Suffragette

London 1912. Maud Watts (Carey Mulligan) hastet nach einem langen Arbeitstag in der feuchtkalten Wäscherei durch die Straßen. Plötzlich splittert vor der jungen Mutter die Schaufensterscheibe eines Modegeschäftes. „Wahlrecht für Frauen“, ertönt es neben ihr. Und innerhalb von Sekunden entsteht ein Tumult. Polizisten verhaften umstehende Frauen, zerren sie in ihre Autos. Verwirrt steht sie am Straßenrand als plötzlich ihre Kollegin Violett (Anne-Marie Duff) auftaucht. Die macht aus ihrer politischen Einstellung kein Hehl. Wortreich versucht die Aktivistin Maud zu überzeugen, sich den Suffragetten anzuschließen. Nach anfänglichem Zögern lässt Maud sich überreden, zu einem geheimen Treffen zu kommen. Im Laden der engagierten Apothekerin Edith (Helena Bonheim-Carter) versammeln sich die Frauen im Hinterzimmer. Ein folgenschwerer Moment. Denn bald darauf findet sich Maud im englischen Parlament wieder. In Gegenwart von Ministerpräsident David Lloyd George schildert sie bei einer Anhörung zum Frauenwahlrecht ihre Arbeitsbedingungen. Zum ersten Mal in ihrem Leben erlebt sie das Gefühl, wirklich gehört zu werden...

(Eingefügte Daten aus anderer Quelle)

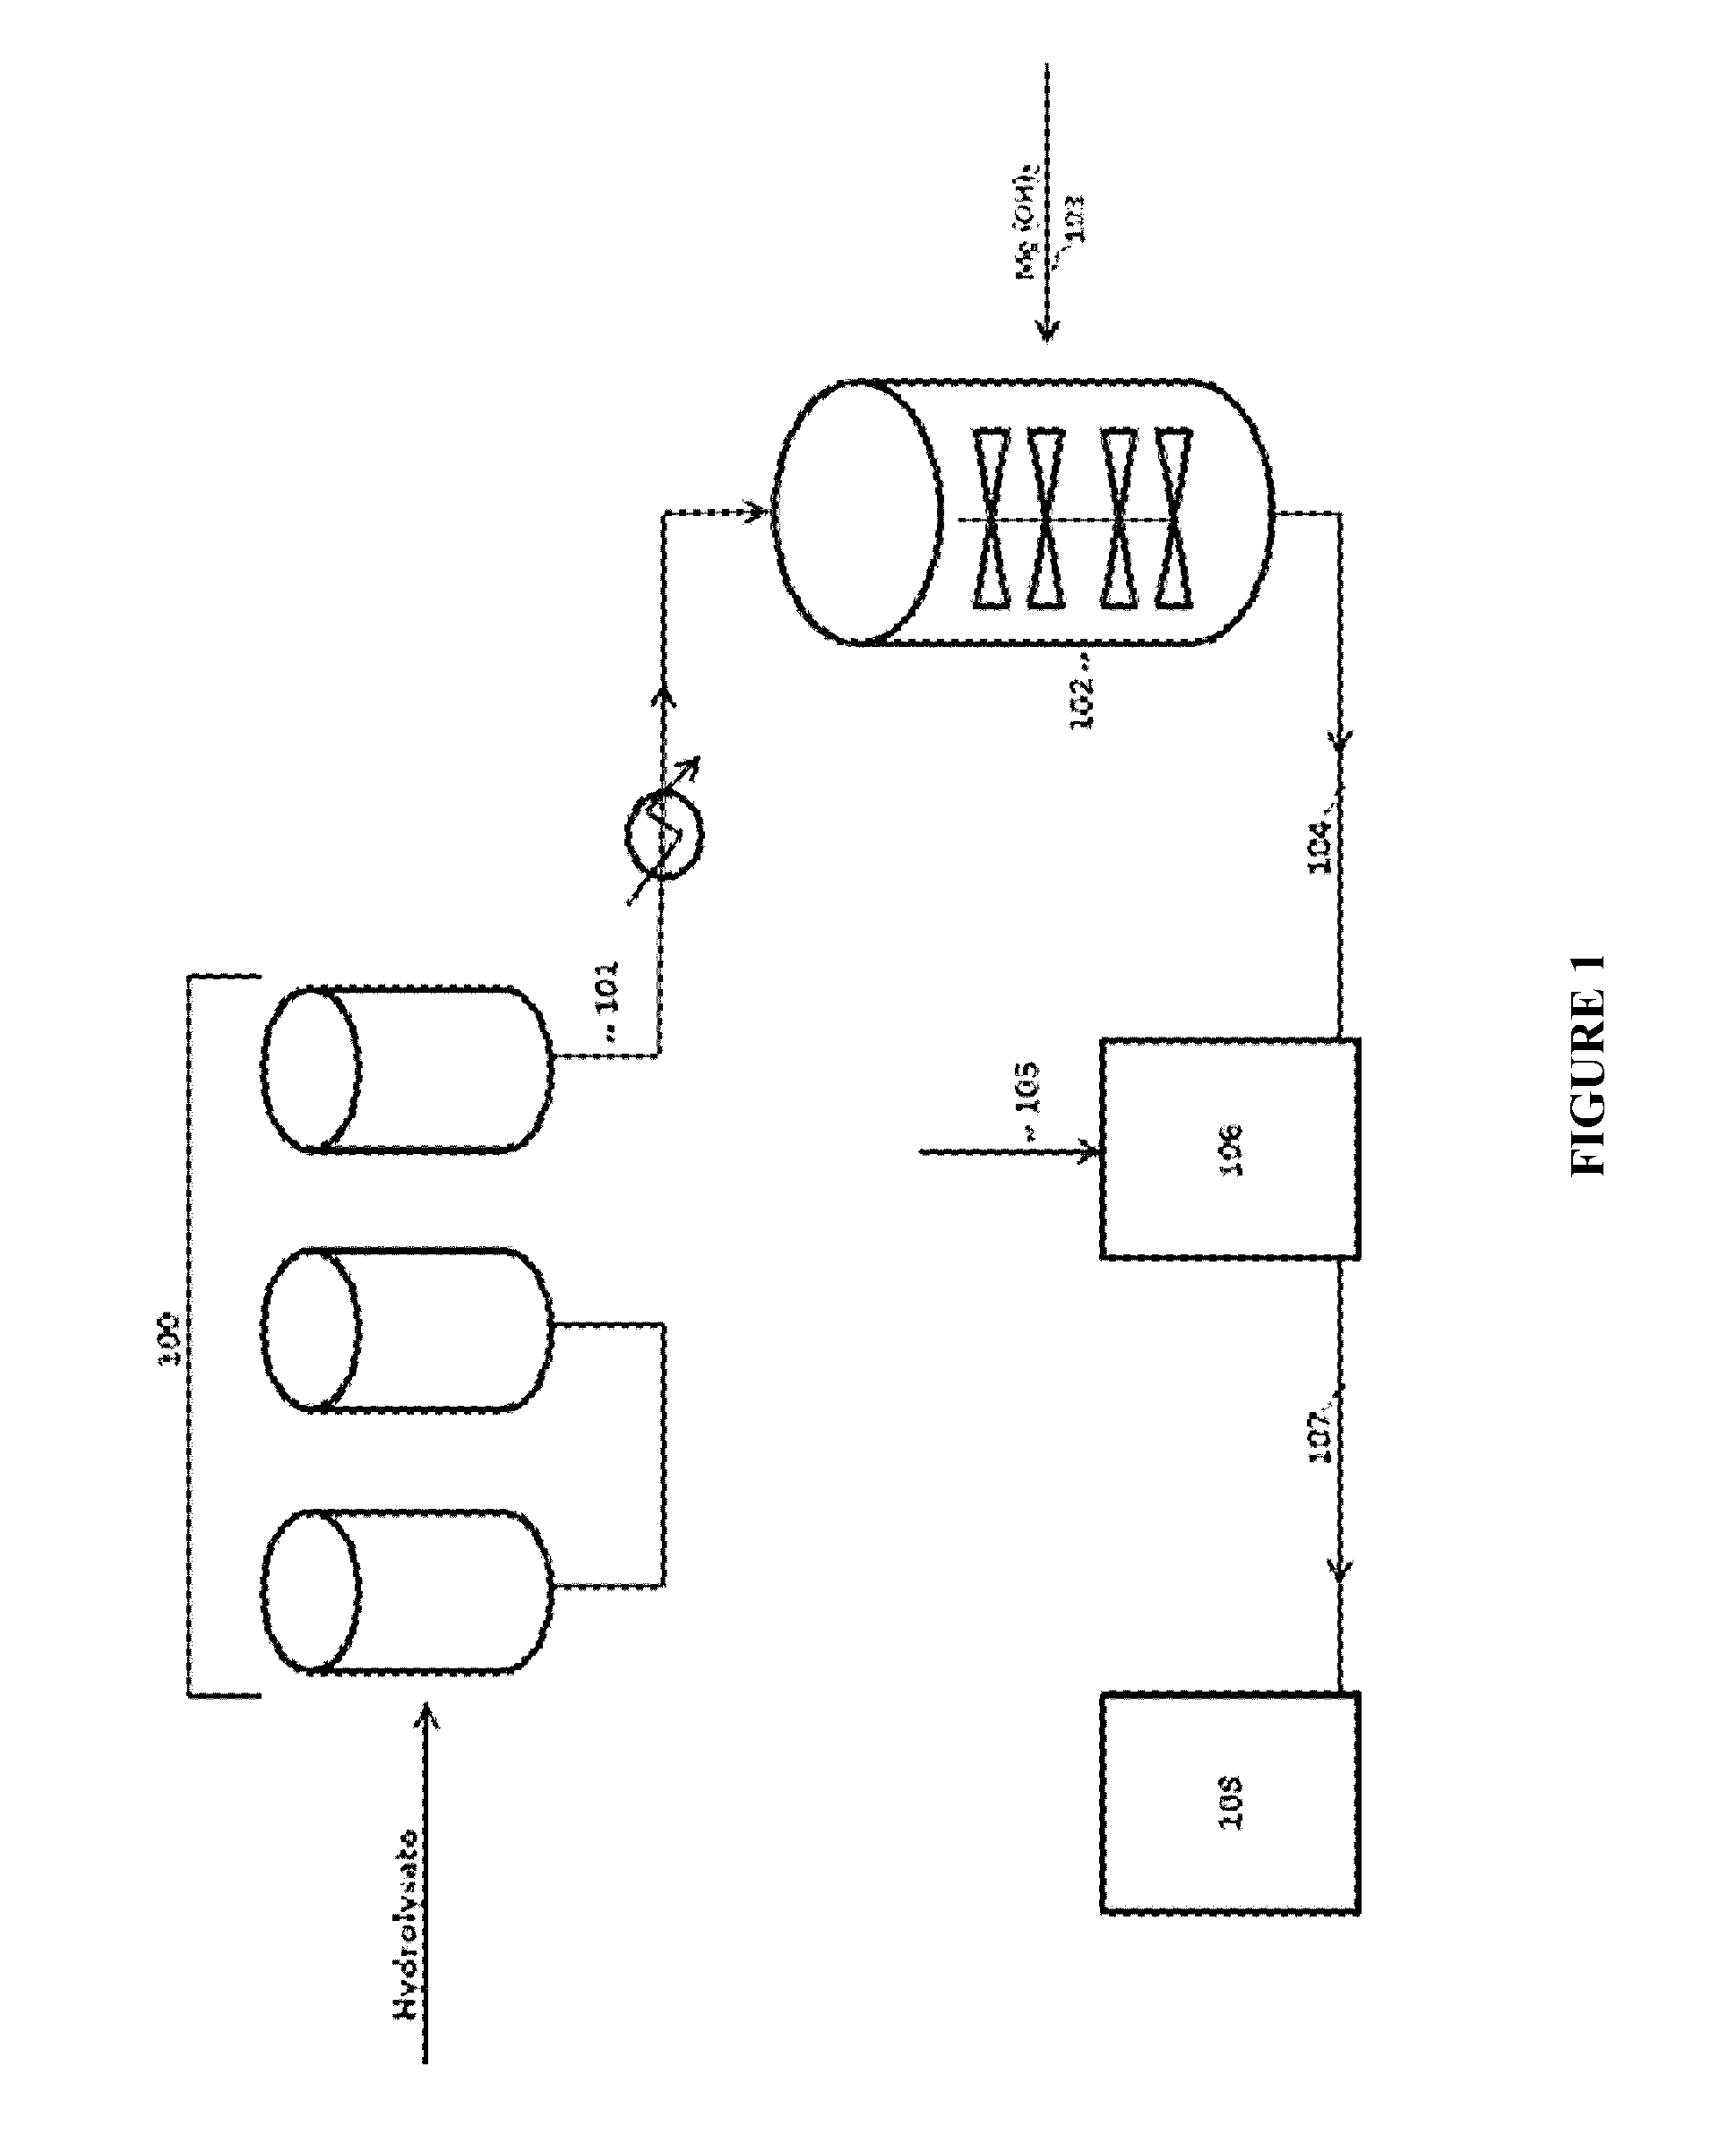 Methods for detoxifying a lignocellulosic hydrolysate

Engagiert beleuchtet Regisseurin Sarah Gavron den mit zivilem Ungehorsam geführten Kampf der Suffragetten. Weder beschönigt die Britin, noch verfällt sie in nostalgisches überlebensgroßes Heldinnenpathos. Die fast dokumentarisch anmutenden Szenen wirken bis ins Detail authentisch. Aufrüttelnd vermitteln sie die schockierende Erinnerung an die Opfer, die Frauen bringen mussten. Das erstrebte Wahlrecht ist dabei nur ein Baustein einer patriarchalen Gesellschaft, die Frauen aller Schichten entmündigte. Nicht zuletzt deshalb stellt Drehbuchautorin Abi Morgan das Schicksal der fiktiven Arbeiterfrau Maud in den Mittelpunkt der emotionalen Milieustudie samt packendem politischem Lehrstück. Eindringlich, erschütternd und unglamourös verkörpert Carey Mulligan die persönliche Entwicklung dieser charakterstarken Schlüsselfigur in all ihren Facetten. Die 30jährige Londonerin erzählt ganze Geschichten allein mit ihren Blicken. Die inzwischen 66jährige Meryl Streep verleiht ihrem kurzen Auftritt als unbeugsame Frauenrechtlerin Emmeline Pankhurst glaubwürdige Leinwandpräsenz. Aber auch Co-Star Helen Bonham-Carter begeistert endlich ohne skurrillen Tim-Burton-Touch in dieser Riege ausgezeichneter Charakterdarstellerinnen. Last but not least gelingt es dem sehenswerten Emanzipationsdrama souverän seine männlichen Protagonisten klischeefrei darzustellen.

Großbritannien 2015
Regie: Sarah Gavron
Drehbuch: Abi Morgan
Darsteller: Carey Mulligan, Helena Bonham-Carter, Brendan Gleeson, Anne-Marie Duff, Ben Whishaw, Romola Garai, Meryl Streep, Finbar Lynch, Natalie Press, Samuel West, Geoff Bell.